Design, fabrication, characterization and properties of metallic and conductive smart polymeric textiles for multifunctional applications

Abstract

Recent advancements and the rapid development in wearable electronics, (e-textiles), sensors and technology, as well as smart human–machine interfaces, have recently propelled the fabrication of metallic and conductive fibers and textiles for a versatile range of applications, including sensors, photonics, optoelectronics, wearable electronics, electromagnetic interference (EMI) shielding and heat generators, ascribed to features such as durability, elevated conductivity, low weight and satisfactory flexibility.
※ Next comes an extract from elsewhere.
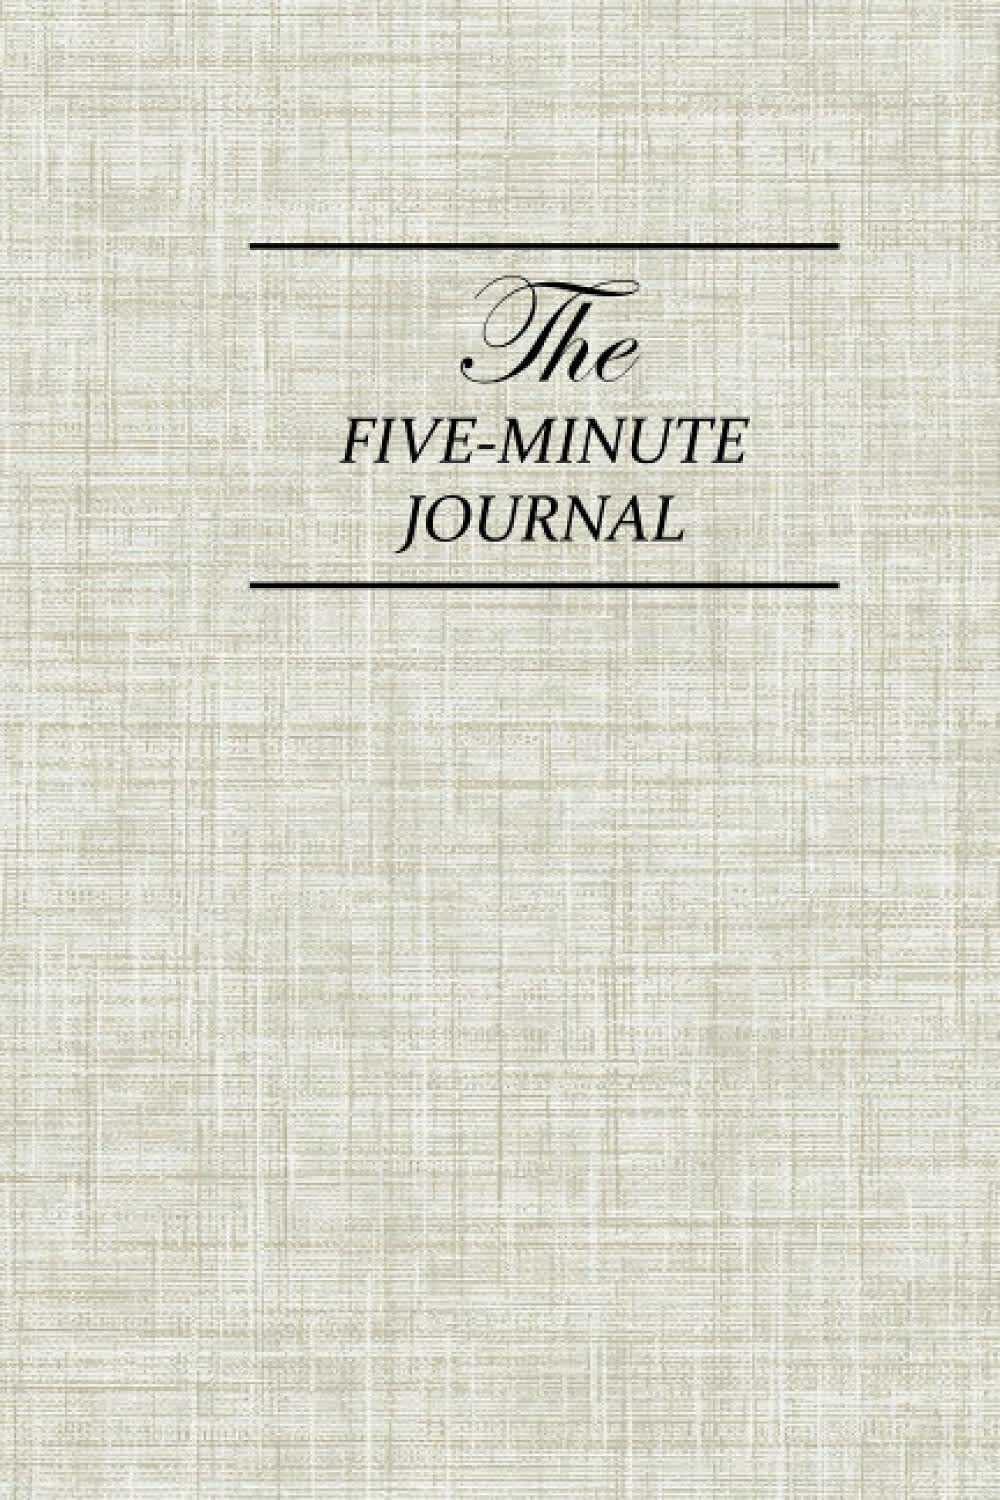 The Five-Minute Journal: Is It Worth $33.99 in 2023?
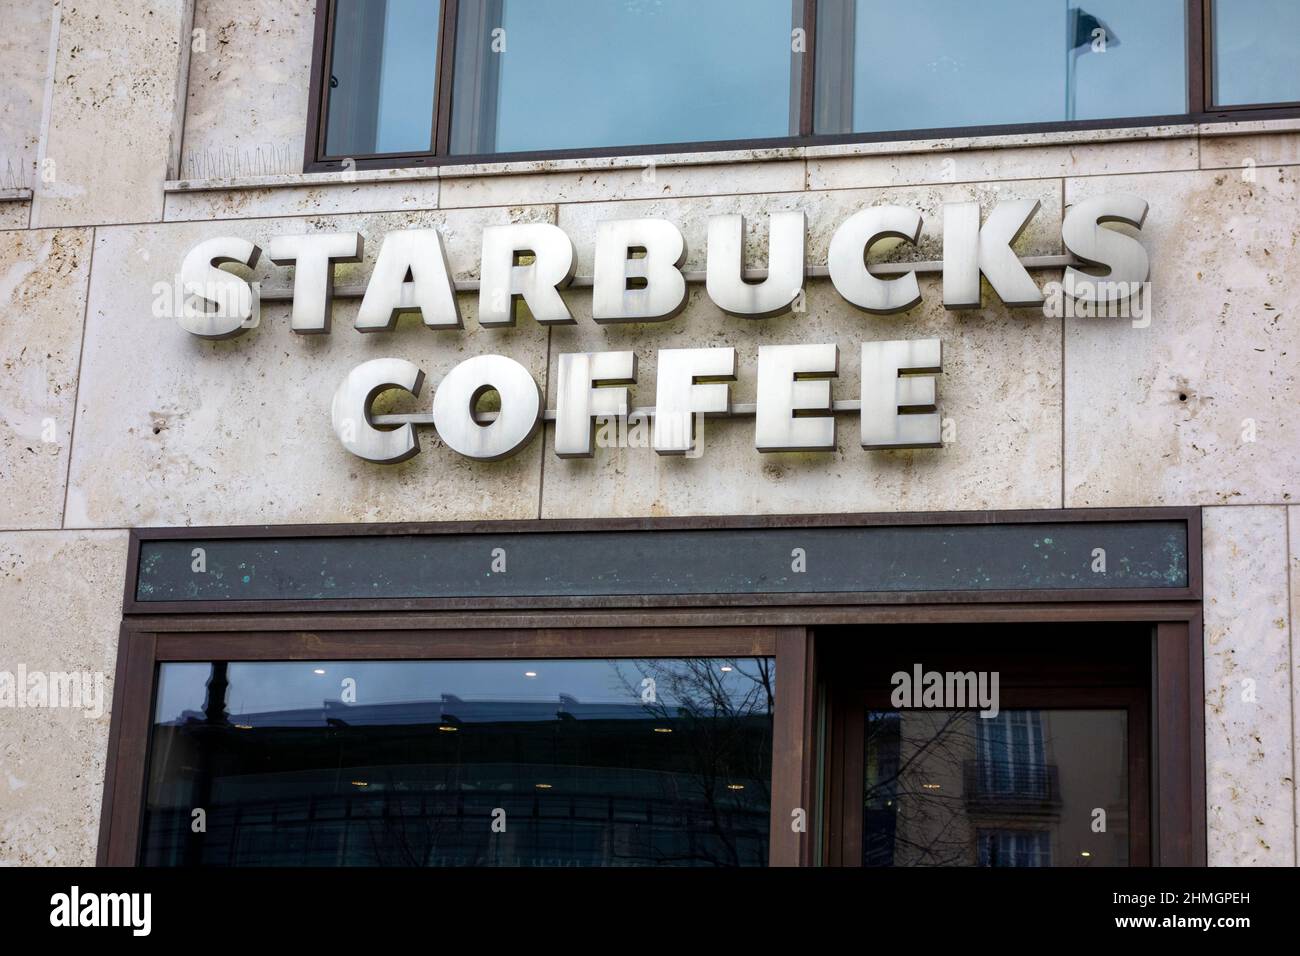 Berlin, Germany - Dec 25, 2017. Starbucks coffee sign. Starbucks Coffee is an American chain of coffee shops, founded in Seattle. Stock Photo

Hence, textile materials, hitherto perceived merely as an interface separating the wearer from the environment, perform more critical functions in varying segments, including industrial, sport, medical, security, oil and gas, entertainment, aerospace, military, automotive, technical, agricultural and so on. The development of advanced strategies to construct metallized and conductive fibers and textiles have further provided greater protection and enhanced metallized textile surfaces resistive to mechanical forces, corrosion and abrasion, inclusive of other external parameters. Therefore, this paper presents recent advances in the development, fabrication, characterization and wearable sensors applications of metallized and conductive fibers and textiles, with special emphasis on three forms of conductive fibers, namely metallic, carbon- and polymeric affiliated fibers and textiles, with regard to intelligent human–machine interfaces.